The distribution of the difference between remake and original is also quite telling:

The first obvious observation is that, as expected, remakes tend to do worse than the original movie. Only 14% do better (compared to 20% for sequels) and the average rating difference is -1.1 (compared to -0.9 for sequels).

The other observation is that the correlation is not as good as we had seen for sequels. This could make sense as in sequels many parameters are the same as for the original movie (actors, directors, writers). One reason parameters are much more similar for sequels than remakes is the timing between original and remake/sequel: 77% of sequels come less than 5 years after the original installment, whereas 50% of remakes come within 25 years! Parameters are more similar and your fan base has remained mostly intact.

From a more statistical point a view, a paired t-test allowed us to determine that the rating decrease of -1.1 was statistically significant at the 95% level (+/- 0.1).

In terms of modeling, a simple linear model gave us some insight for prediction purposes.
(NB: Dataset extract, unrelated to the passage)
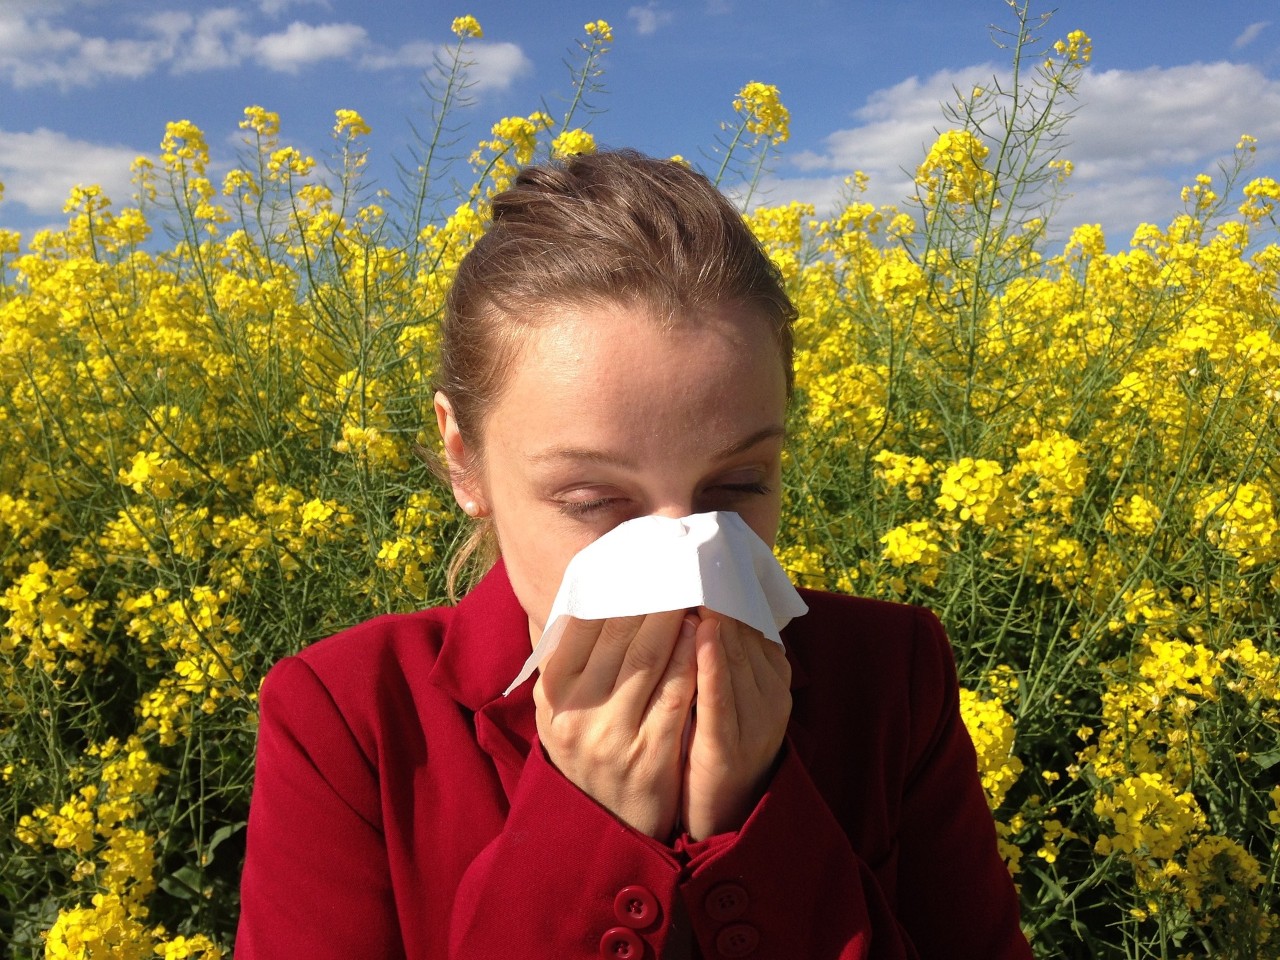 a photo of a woman sneezing into a facial tissue in a field of flowers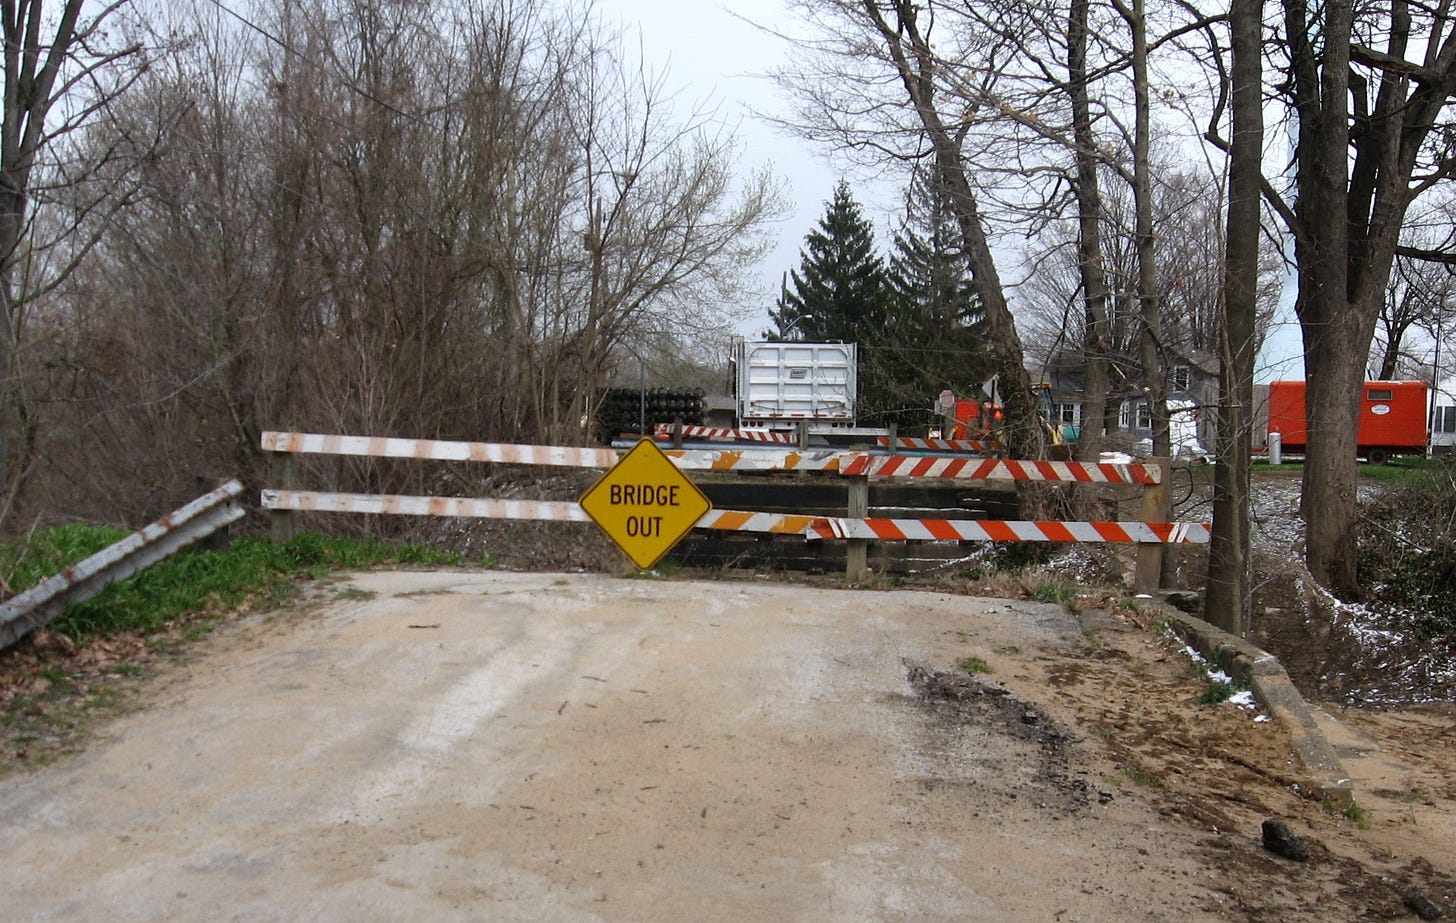 A dirt road leads up to an orange-and-white road block with a yellow sign on it reading "BRIDGE OUT." There are trees without leaves in the background and the sky is gray.

In case you want to make some predictions to impress your friends, your best guess to estimate a remake's rating is to multiply the original movie's rating by 0.84.

The original Carrie movie from 1974 had a rating of 7.4, whereas the remake that just came out has a current rating of 6.5 (forecast would be 0.84 * 7.4 = 6.2). Given that movie ratings tend to drop a little after first few weeks of release, that's a pretty good forecast we had there! The stat purists will argue that this results is somewhat biased as Carrie was included in the original dataset...

Taking a step back, why does Hollywood continue making these movies despite anticipating a lower quality movie?

The answer is the same as for sequels: the risks are significantly reduced with remakes, you are almost guaranteed to bring back some fanatics of the original.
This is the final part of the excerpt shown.